These enhanced expensing limits benefit smaller oil and gas operators, drilling contractors, and service companies by allowing them to immediately deduct equipment purchases rather than depreciating them over multiple years.
Research and Development Incentives
Domestic R&E Expense Deductibility
The OBBBA permanently allows the immediate deduction of domestic Research and Experimentation (R&E) expenses in the year incurred, starting with the 2025 tax year. This reverses a prior requirement to amortize these costs. Furthermore, “small businesses” (those with average annual gross receipts of $31 million or less) can claim this deduction retroactively to 2022, with an option to accelerate remaining deductions over one or two years. This change is a significant boon for innovation, reducing the tax burden on companies investing in research and development and providing immediate cash flow benefits.

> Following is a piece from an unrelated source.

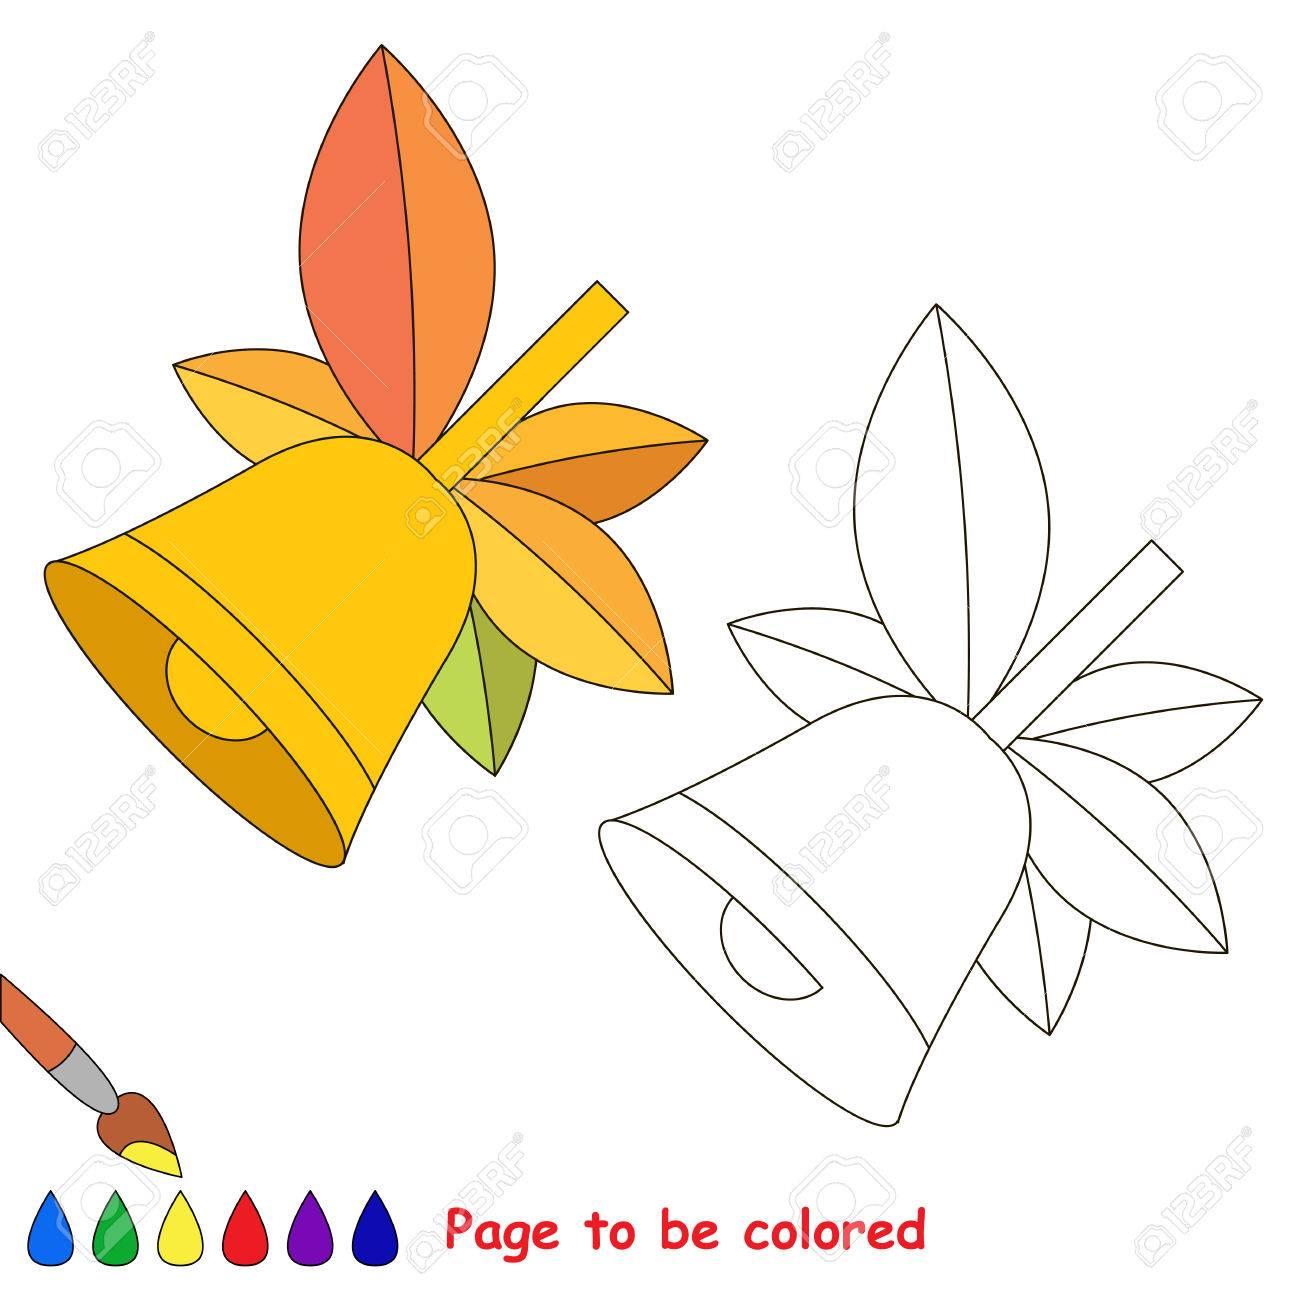 School Bell Con Hojas De Otoño A Colorear El Libro Para Colorear

This provision benefits energy companies investing in new extraction technologies, refining processes, and efficiency improvements. The immediate deductibility of R&E expenses encourages continued innovation in fossil fuel production and processing technologies.
Fuel-Related Tax Provisions
Dyed Fuel Payment Provisions
The law includes provisions for “Dyed fuel” with amendments applying to “eligible indelibly dyed diesel fuel or kerosene removed on or after the date that is 180 days after the date of the enactment of this section” One Big Beautiful Bill Act: Sec. 70525. Allow for payments to certain individuals who dye fuel . This provision appears to address tax treatment of dyed fuels, which are typically used for off-highway purposes and receive preferential tax treatment.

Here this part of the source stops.